С этого момента я оказался вовлеченным в череду событий, в реальность
которых поверить было еще менее возможно, чем в то, что я вернулся в
Москву или сдвинулся в своих грезах на заветные полградуса, сидя с
удочкой на заливных чагодайских озерах.
XII
Известность свалилась на меня в одночасье. Знакомые по выступлениям на
площадях, фотографиям в газетах и иллюстрированных журналах общественные
деятели пожимали мне руку, звали на пресс-конференции, митинги и
собрания. Рябило в глазах и звенело в ушах, я смущался своего
потасканного вида, говорил невпопад, краснел, потел и спотыкался на
каждом слове. Однако, несмотря на неловкость или же ей благодаря, меня
приглашали в прокуренные редакции журналов и газет, независимые и
зависимые, на радио и телестудии. Поили чаем и кофе тертые редакционные
тетки, фотографировали во всех ракурсах веселые и циничные фотокоры, я
отвечал на сочувственные вопросы ведущих, а потом слушал свои сбивчивые
речи по тем самым голосам, которые некогда ловил чагодайскими ночами.

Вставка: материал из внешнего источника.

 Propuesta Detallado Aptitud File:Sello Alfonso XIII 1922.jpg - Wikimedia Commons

Всюду меня представляли как жертву тоталитарного строя, неизвестного
солдата неизвестной войны, плечом к плечу с которым на манер большой
пятой колонны и при поддержке союзников была сломана изнутри цитадель
коммунизма. Одним из первых приняли в только что созданную
народно-демократическую партию и ввели в ее политсовет, где меня сразу
же обласкал вихрастый старший преподаватель с кафедры научного
коммунизма, который некогда вынужденно приложил руку к моему изгнанию.

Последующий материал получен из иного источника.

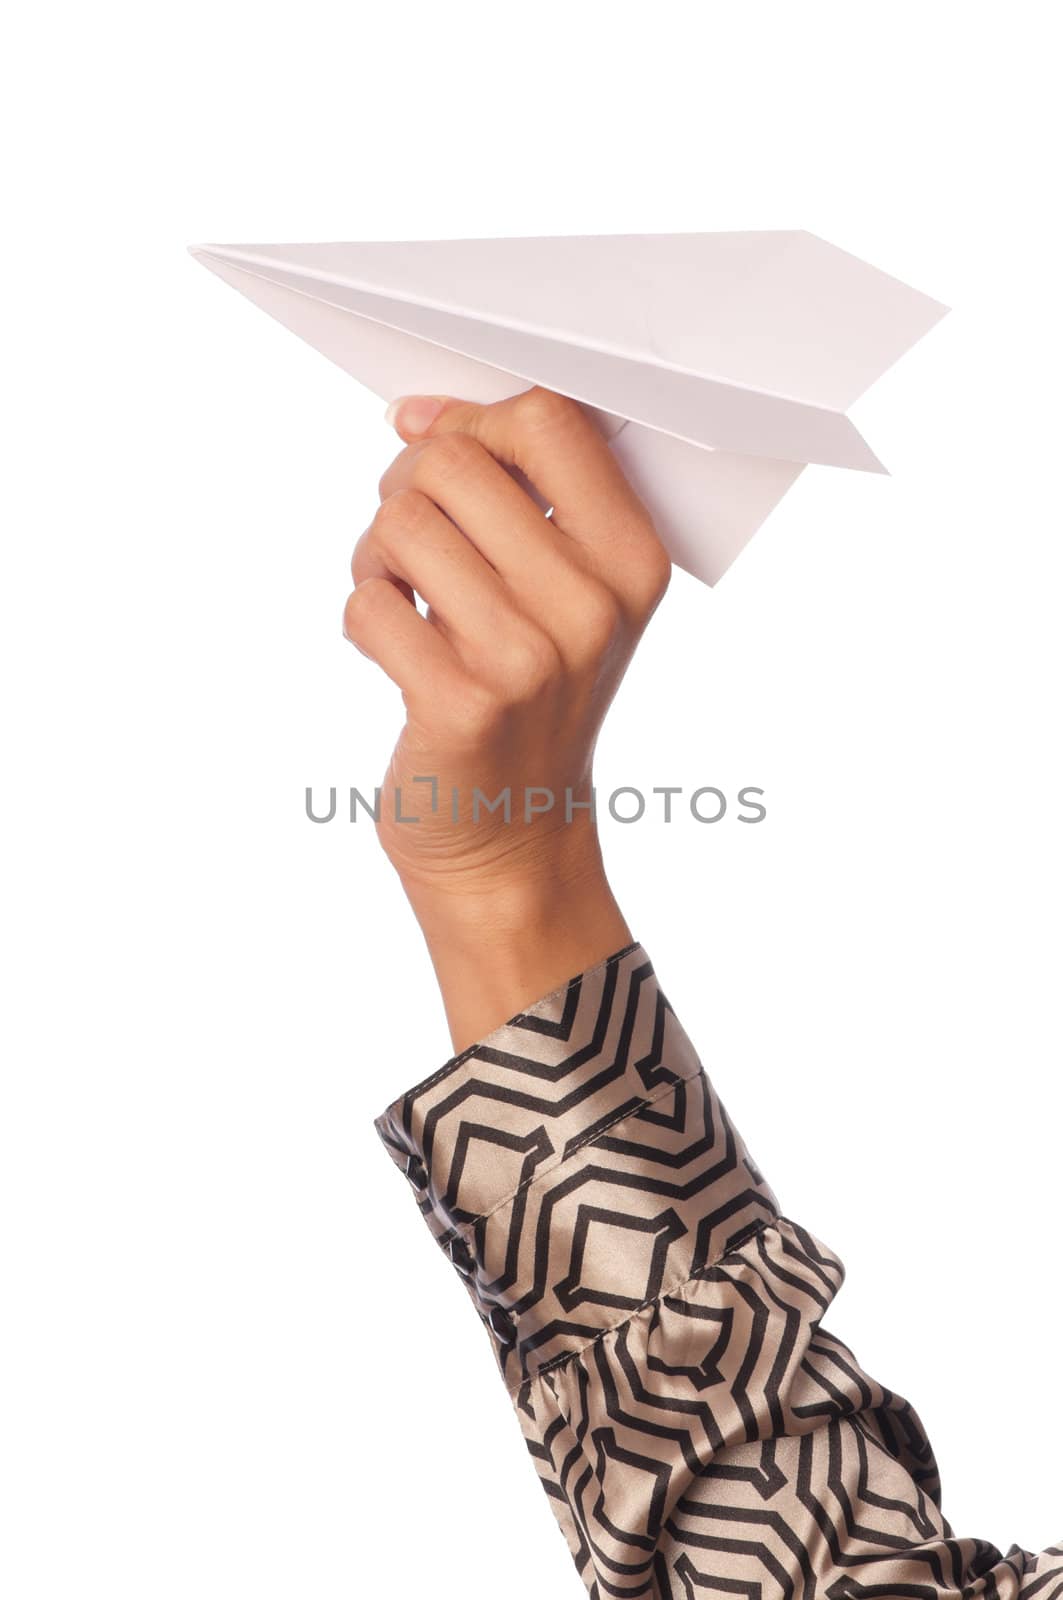 Businesswoman throwing white paper plane on the break

Но я не держал на него зла. Я снова попал на заветную площадь, только
теперь мое место было не в многоголосой, пестрой от зонтиков толпе, а на
высокой крытой трибуне среди блестящих и остроумных гуманитариев,
молодых талантливых литераторов, пожилых поэтов, первых кооператоров,
зорких и бесстрашных журналистов, красноречивых публицистов и
обаятельных профессоров.
Они говорили невероятно глубокие и умные вещи, ни в чем не сомневались,
все понимали и видели на несколько десятилетий вперед; в конце давали
слово и мне, и сначала косноязычно, но со временем все более гладко и
накатанно я научился рассуждать не хуже, чем они, о глухой русской
провинции, где властвуют морозкины и которая ждет часа освобождения, о
братстве и единении людей. Я вносил в концерты на площадях, в "круглые
столы" и прямые эфиры ту ноту эмоций простого человека, которой этим
постановкам недоставало, был голосом из толпы, и мои речи имели успех -
я чувствовал это. Меня любили, я обрастал приглашениями, телефонами,
адресами и визитками и ощущал себя этаким Хлестаковым с той лишь
разницей, что в кулуарах чаще молчал, а говорили за меня другие.

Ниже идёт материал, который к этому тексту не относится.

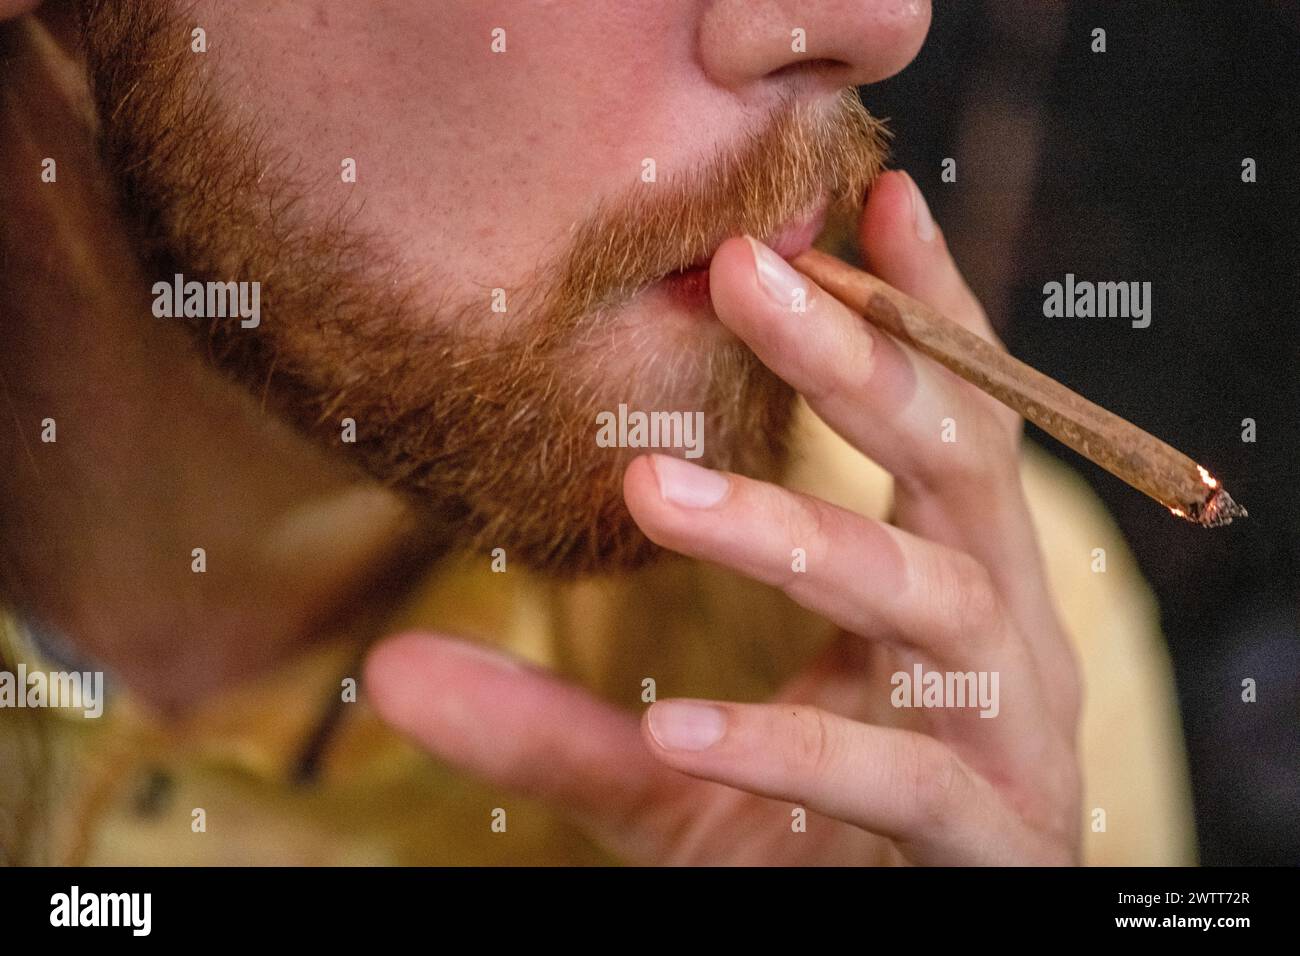 Closeup of a person enjoying a leisurely smoke. Stock Photo

Вот уж во что бы я никогда не поверил, так это в то, что мое
чагодайское сидение может выглядеть героизмом, и все боялся, что однажды
оттуда вернутся настоящие люди и займут принадлежащее им по праву место,
а меня попросят уйти и укоризненно посмотрят вслед.
Шли недели и месяцы, настала мягкая свежая осень, на московских рынках
торговали чагодайскими опятами и клюквой, привозили на открывшиеся по
всему городу ярмарки капусту, морковь и яблоки из дальних хозяйств,
валялись на асфальте сильно подорожавшие и никому не интересные
астраханские арбузы, а ничего подобного моим опасениям не происходило.
Никто не приглашал настоящих людей, кроме нескольких особо проверенных.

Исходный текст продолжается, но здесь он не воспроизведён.